Industrial growth plunged to a 21-month low of 3.3 per cent in July. The number is significant, as it comes ahead of the Reserve Bank of India's monetary policy review meeting on Friday that is expected to take a call on interest rates — whether to raise them further or press the pause button.
The 3.3 per cent year-on-year increase in the official Index of Industrial Production (IIP) — the lowest since the 2.3 per cent of October 2009 — has come mainly from capital goods, the output of which dipped 15.2 per cent. This manufacturing sub-segment has, in fact, been showing huge volatility, having grown by 38.2 per cent in June.
But apart from capital goods — a proxy for investment activity in the economy — even intermediate goods registered a negative growth rate of minus 1.1 per cent in July.
Broader slowdown?
Taken together, they might be indicative of a broader slowdown trend, which could weigh on the central bank's mind as it decides whether the risks on this count outweigh worries over persistent inflation.
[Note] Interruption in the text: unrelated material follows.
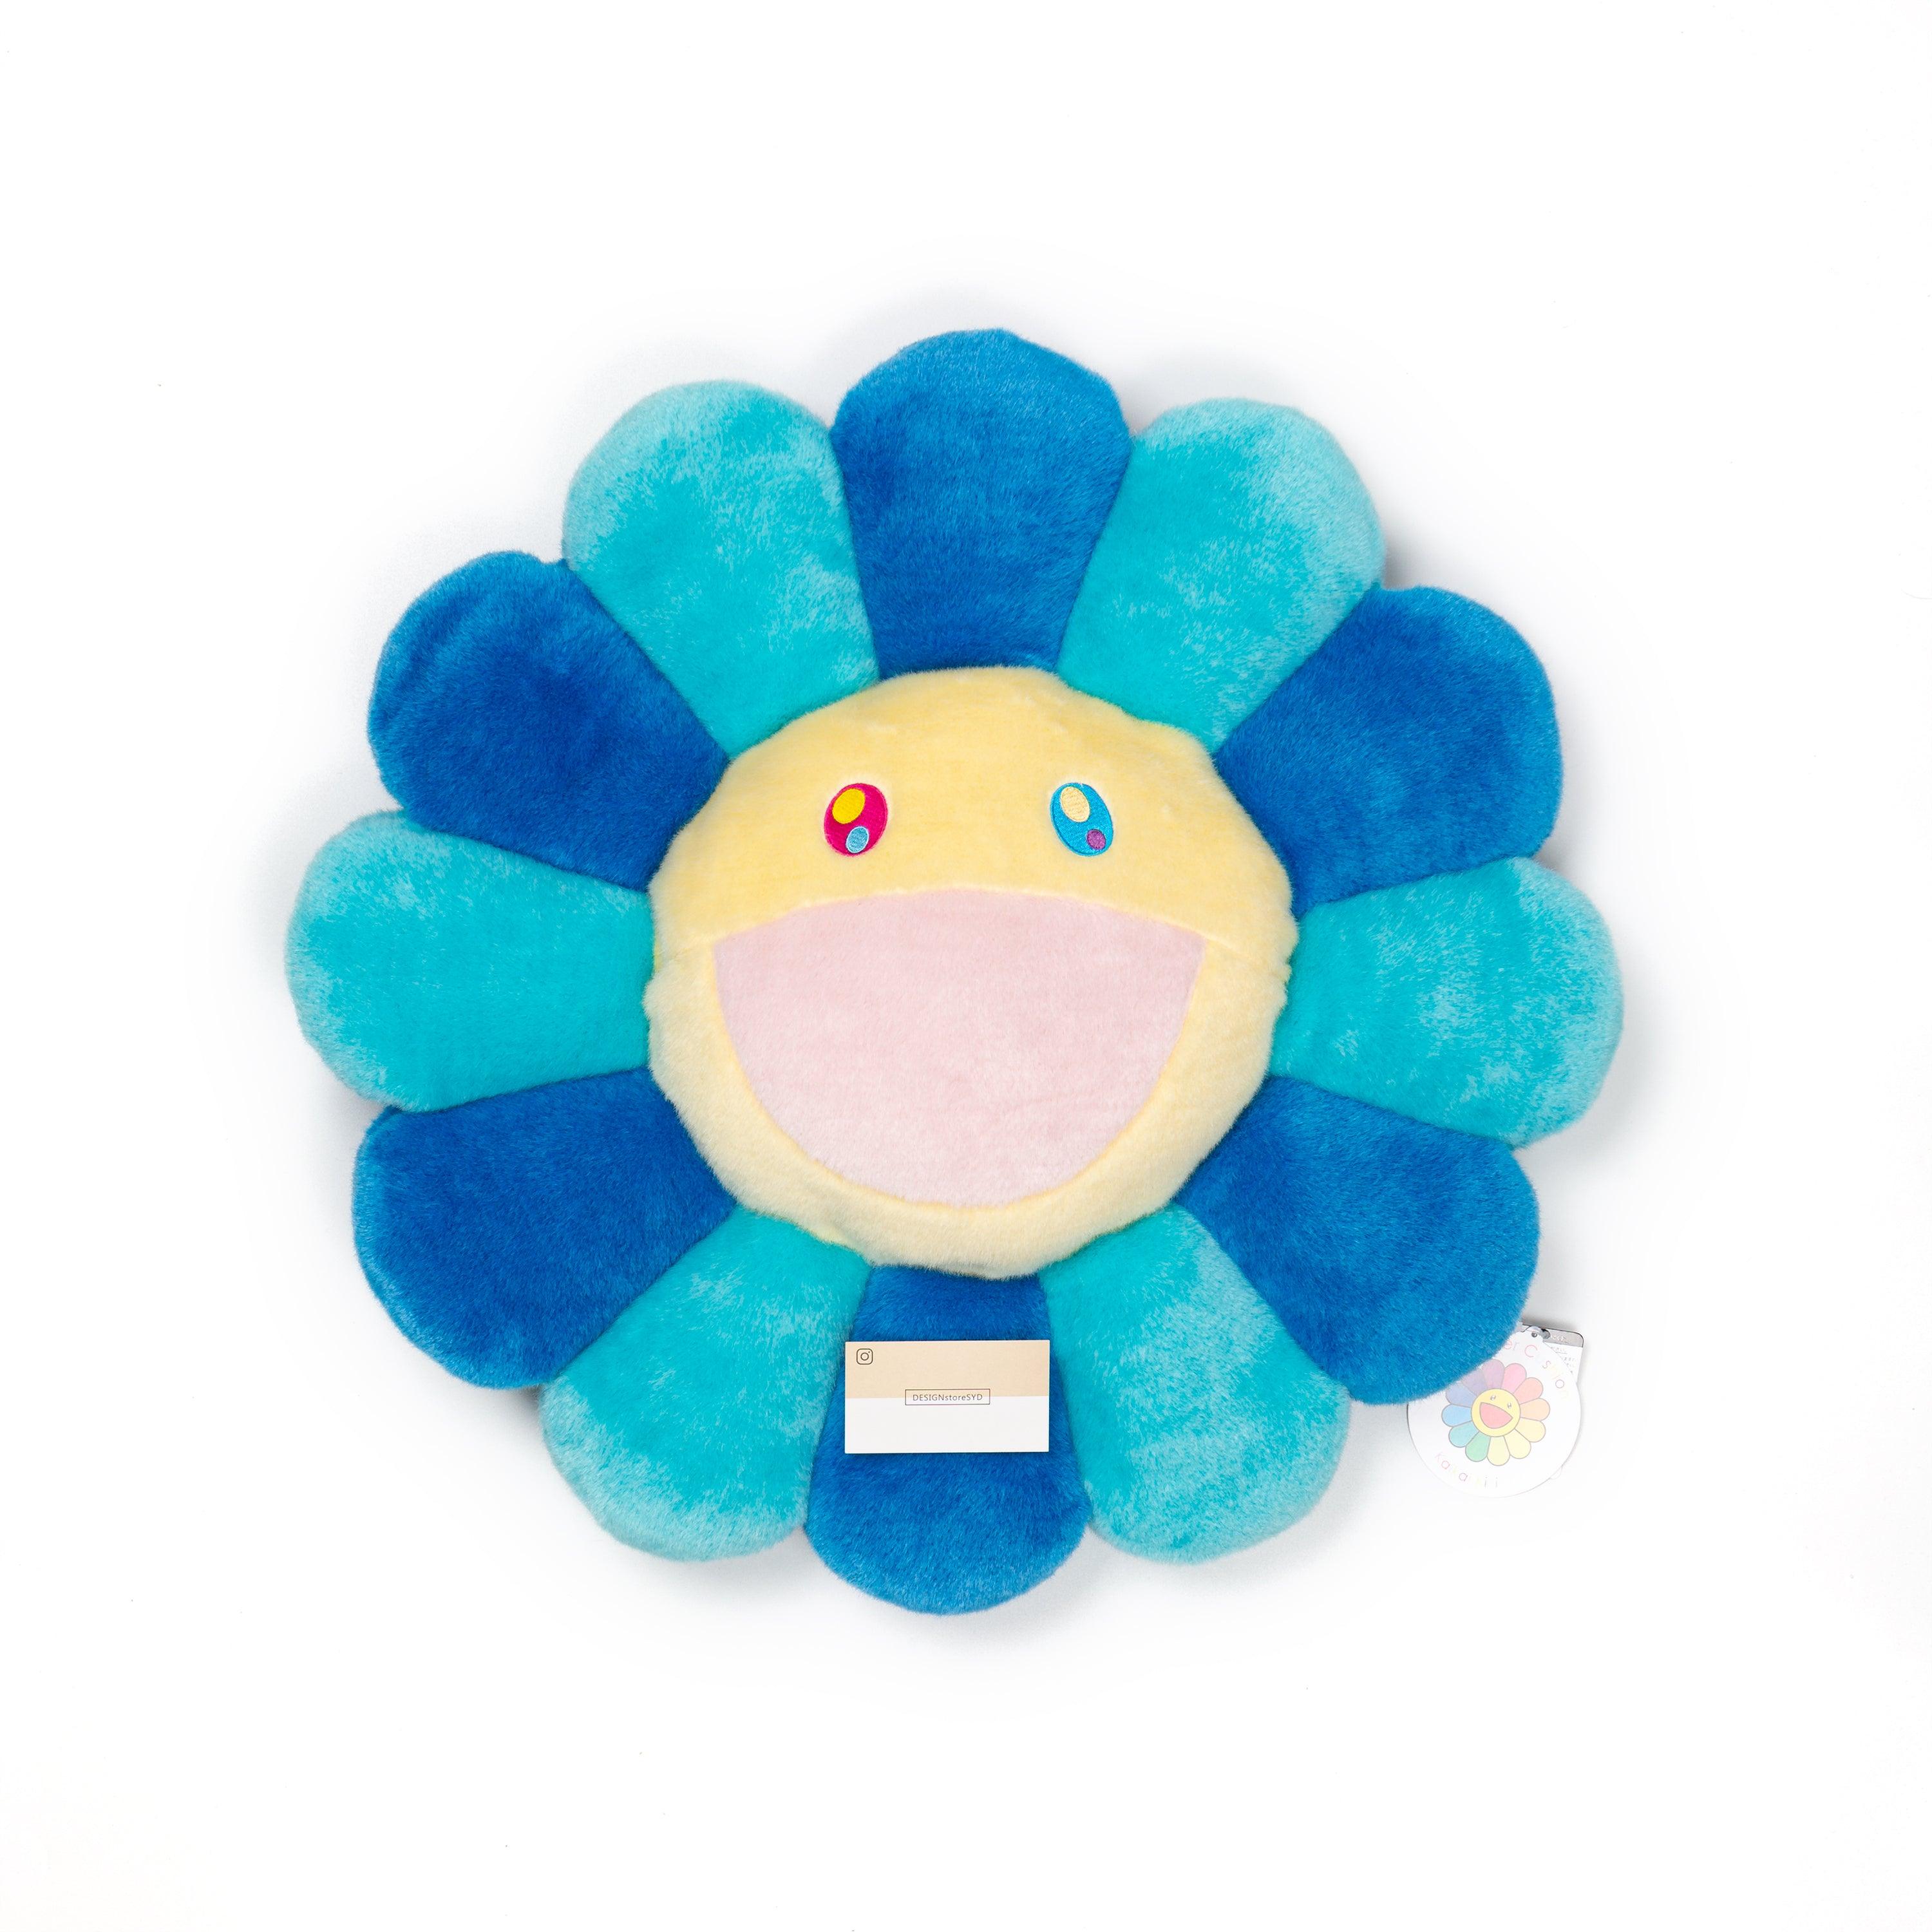 DSSYD:Takashi Murakami flower plush 30cm Valentines day drop - Takashi  Murakami Flower Pillow Blue and Lt Blue

Till recently, the balance was strongly tilted towards the latter.
“The RBI will be concerned with growth prospects, but the major concern will be to tame inflation, which remains very, very high,” the Chairman of the Prime Minister's Economic Advisory Council, Dr C. Rangarajan, was quoted as saying.
All eyes are now on the wholesale price index-based inflation data for August, scheduled to be released on Wednesday. It remains to be seen if that rate — expected to touch double digits — would carry more weight than the latest IIP growth figures. “Inflation is going to be very close to 10 per cent (for August). We are expecting inflation to remain very difficult till November and maybe December, and then begin to slow down,” said Prof Kaushik Basu, Chief Economic Adviser to the Finance Ministry.
Among the major IIP segments, the Index for Manufacturing rose by a paltry 2.3 per cent in July, while amounting to 2.8 per cent for mining and 13.1 per cent for electricity. During the same month of last year, the year-on-year growth rates were 9.9 per cent for the general IIP, 10.8 per cent for manufacturing, 8.7 per cent for mining and 3.7 per cent for electricity.
The cumulative industrial growth during the first four months of this fiscal worked out to just 5.8 per cent (compared with 9.7 per cent for April-July 2010-11), with these at six per cent (10.5 per cent) for manufacturing, 1.1 per cent (8.2 per cent) for mining, and 9.4 per cent (five per cent) for electricity.
Within manufacturing (besides capital goods and intermediate goods), the basic goods sub-segment grew by 10.1 per cent (against 4.4 per cent in July 2010), with consumer durables (8.6 per cent versus 14.8 per cent) and non-durables (4.1 per cent versus minus 0.9 per cent) also doing relatively well.
For the April-July period, capital goods production stood higher by 7.6 per cent year-on-year (against 23.1 per cent in these four months of 2010-11), with the corresponding growth rates at 4.2 per cent (18.4 per cent) for consumer durables, 4.9 per cent (3.8 per cent) for non-durables, 7.9 per cent (5.2 per cent) for basic goods and 0.8 per cent (10.1 per cent) for intermediate goods.